Configure storage type data replication

To get the file system data replica values, run the mmlsfs <fsName> -r -R command to review the output values. The value of -r is the default number of data replicas and the value of -R is the maximum number of data replicas.

Important: The value of -R cannot be changed after the file system creation.

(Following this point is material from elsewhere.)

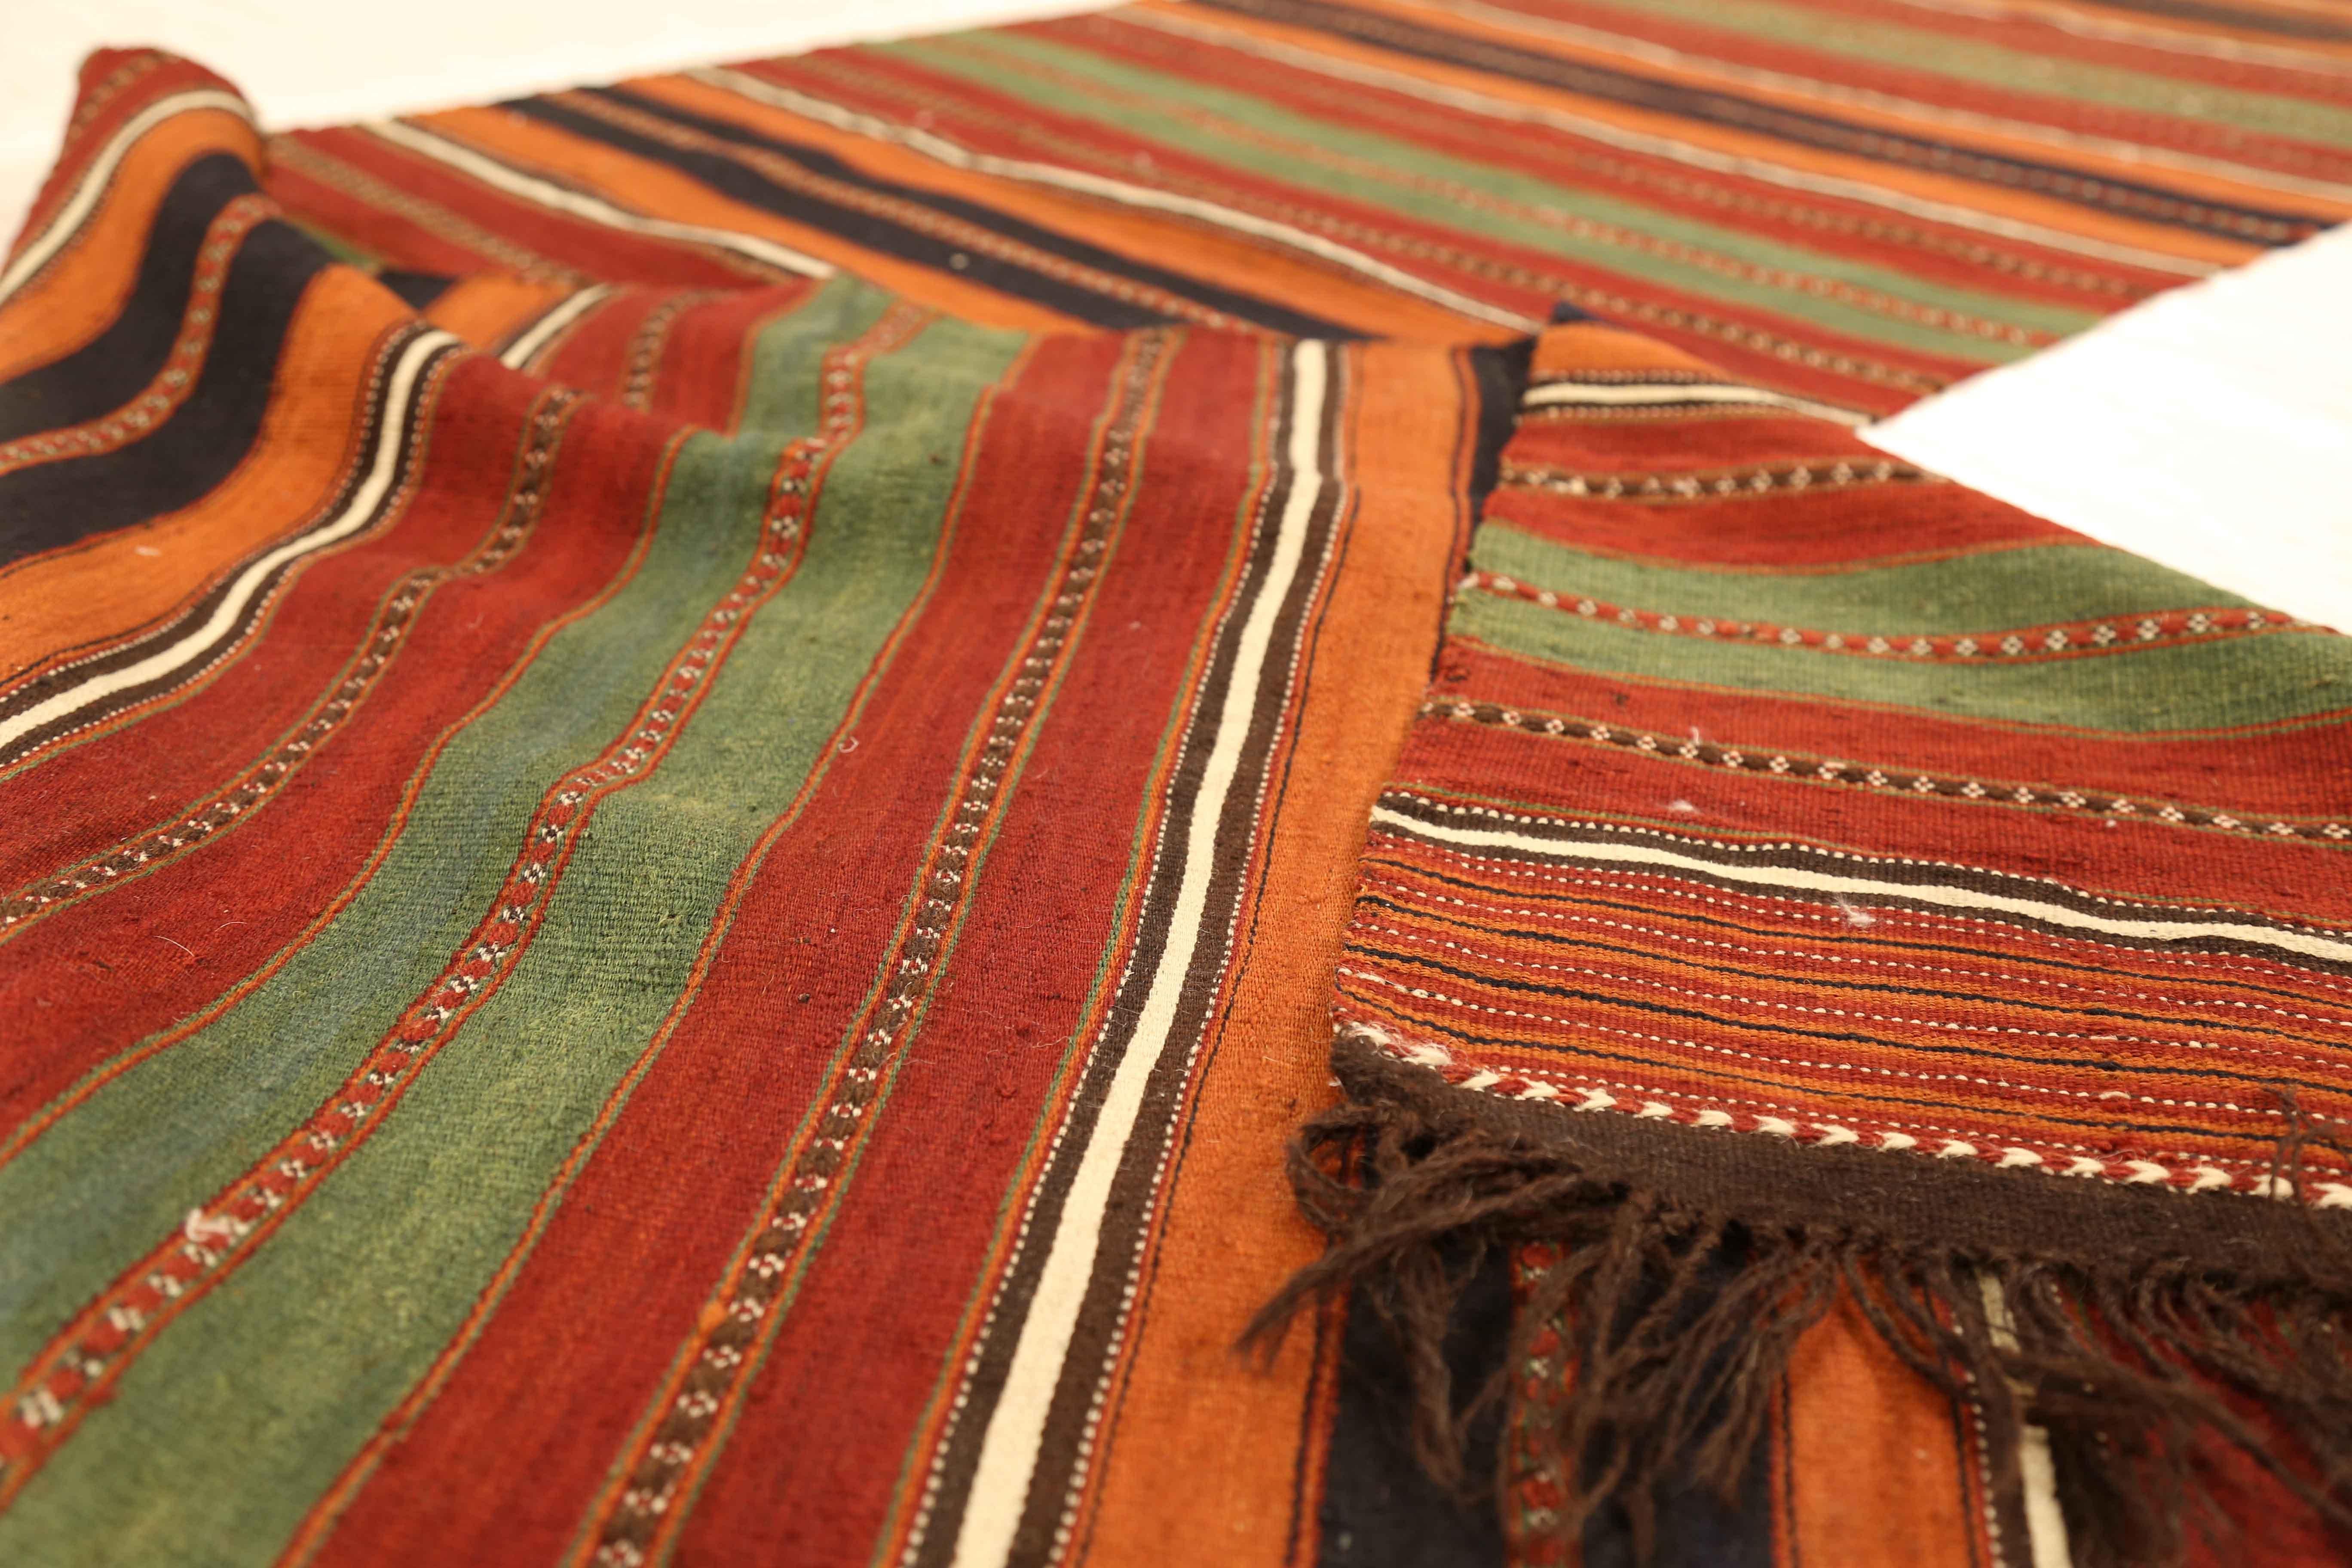 Antique Persian Kilim Runner Rug with Colored Stripes on Red/Brown Field In Excellent Condition For Sale In Dallas, TX

Usually, the value 3 is the recommended values for -r and -R if you are using IBM Storage Scale FPO and the value 1 for -r and 2 for -R are recommended values for production when you are using Centralized Storage.

For different storage modes, refer to the following table for recommended combination for dfs.replication, gpfs.replica.enforced and file system data replica.

Table 1. Configurations for data replication
Storage mode dfs.replication gpfs.replica.enforced File system data replica Comments
#1 FPO

(gpfs.storage.type=local)

3 gpfs or dfs -r = 3 -R = 3 Other combinations are not recommended.
#2 IBM Storage Scale System

(gpfs.storage.type=shared)

1 dfs -r = 1 -R = 2

-r = 1 -R = 3

Follow the HDFS protocol. But the job will fail if one DN is down after getBlockLocation is returned.

Potential issue: Does not show the advantage that all DN can access the blocks.

If you are using this configuration you must use the mmlsattr command to check the file replication value. If the set file replication value is less than the dfs.replication value, the HDFS interface cannot be used to check the file replication value because the NameNode returns at least the dfs.replication value in the shared storage mode.

#3 IBM Storage Scale System

(gpfs.storage.type=shared)

2 or 3 gpfs -r = 1 -R = 2

-r = 1 -R = 3

Follow the HDFS protocol (returns 2 or 3 DNs) but does not match the real storage usage on GPFS level.

Job will not fail if one DN is down after getBlockLocation is returned.

Potential risk: Upper-layer applications calculate the disk space consumption as replication * file size, thinking a file takes more storage space than it actually does. HDFS Transparency will still use the actual disk space correctly.

#4 IBM Storage Scale System

(gpfs.storage.type=shared)

1 gpfs -r = 1 -R = 2

-r = 1 -R = 3

Do not use if the application wants to set the replication value from HDFS protocol.
#5 IBM Storage Scale System

(gpfs.storage.type=shared)

2 or 3 dfs -r = 1 -R = 2

-r = 1 -R = 3

All the data will be set as replica 2 or 3 which will not take advantage of using IBM Storage Scale System or SAN storage.

If you are using this configuration you must use the mmlsattr command to check the file replication value. If the set file replication value is less than the dfs.replication value, the HDFS interface cannot be used to check the file replication value because the NameNode returns at least the dfs.replication value in the shared storage mode.

Note:
  • The dfs.replication is defined in the hdfs-site.xml file. The gpfs.storage.type and gpfs.replica.enforced are defined in the gpfs-site.xml file.
  • Starting from HDFS Transparency version 3.1.1-1, the default value for dfs.replication is 3 in hdfs-site.xml and gpfs.replica.enforced is gpfs in gpfs-site.xml.
  • The dfs.replication value should be smaller or equal to the DataNode count.